As Lydia untangles the mystery of Joey’s suicide, she unearths a long buried memory from her own violent childhood. Details from that one bloody night begin to circle back. Her distant father returns to the fold, along with an obsessive local cop, and the Hammerman, a murderer who came into Lydia’s life long ago and, as she soon discovers, never completely left.
This is much more of a horror thriller than it is a regular fiction novel, and if I would have known that, I never would have purchased a copy. The story opens with a young man hanging himself, and then readers are 'treated' to details of Lydia's horrific childhood trauma of seeing/hearing her friend's entire family being slaughtered with a hammer by someone known only as the "Hammerman," who, for reasons no one can fathom, leaves Lydia (a child at the time) alive. SPOILERS, what sticks in my craw about this book is that Lydia never puts it together than her friend Raj's insanely violent, jealous and abusive father is the Hammerman, when it would have been obvious to me that because I was his son's friend, I managed to evade his murder spree. Also, Raj's mother is a nutter, to give up her illegitimate child and continue to knuckle under to Raj's father's cruelty. Why do women live with murderers and violent abusers? It makes no sense to me, especially when lives are at stake. Fortunately, there's a reckoning, but why Lydia would even talk to Raj, let alone start a relationship with him, knowing that his father was the man who murdered her childhood and slaughtered an entire family in cold blood, is beyond me. I would run far and fast, from the whole town and all the creepy people in it.
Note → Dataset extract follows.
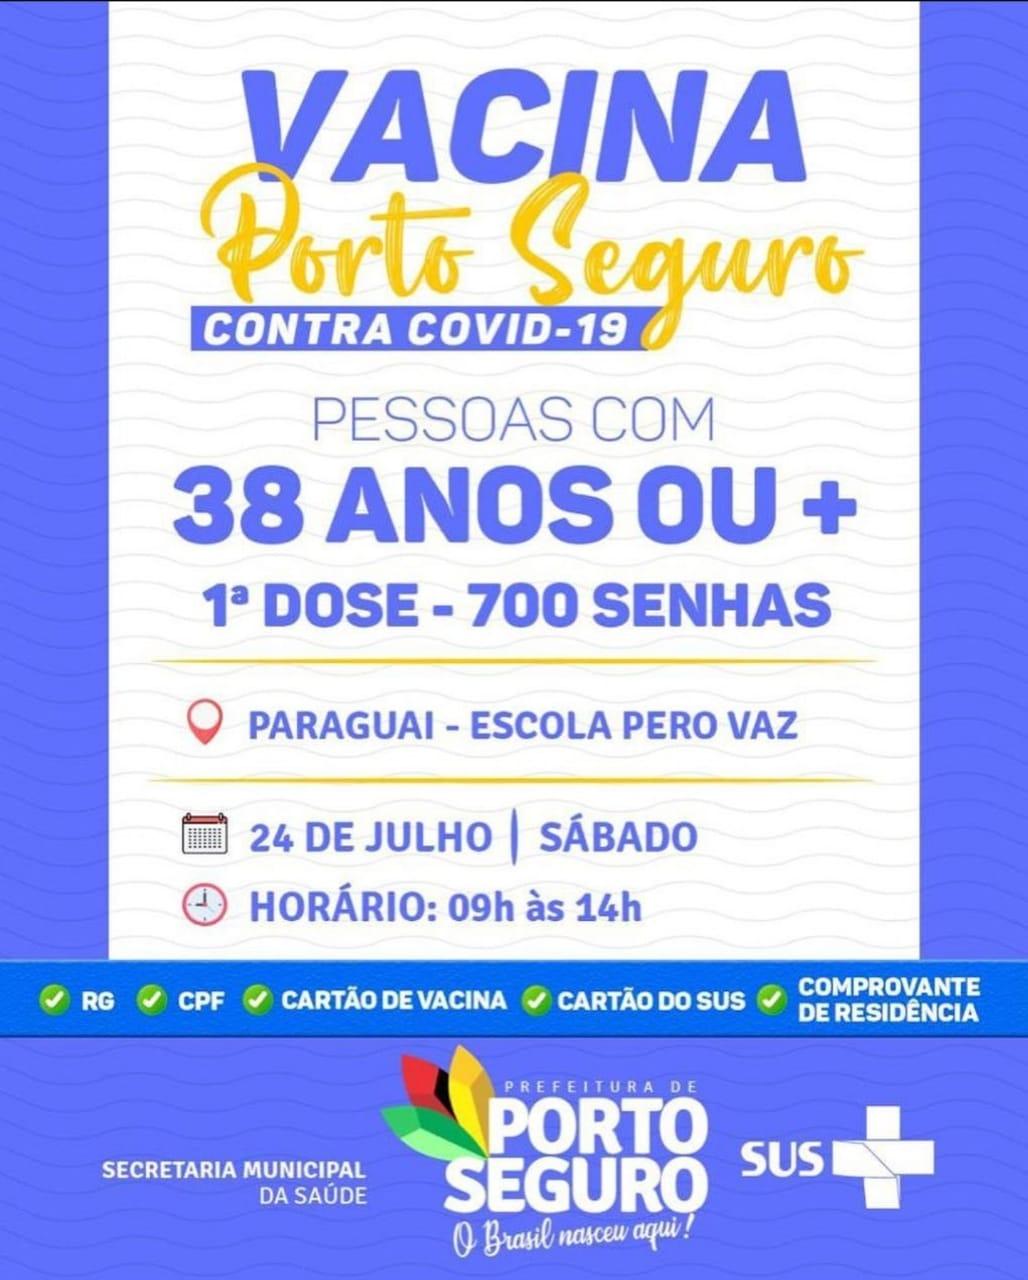 Vacina Porto Seguro contra Covid-19; cronograma de vacinação de 23 a 24 de julho 30

I think that Sullivan casts Lydia as a kind of Mother Theresa/Madonna figure here, who saves and soothes all the men and iswilling to forgive and forget her horrific past because she's a tender-hearted woman. Blech. What a sexist cliche. This lends more credence to my theory that most male authors can't write convincing female protagonists without resorting to stereotypes/tropes and cliches. There is also always more violence and violence against women and children in male-authored novels, at least that I've read. This saddens and disgusts me in equal measure. I'd therefore give this book a C, and only recommend it to people who like reading about death, serial killers and depression/trauma.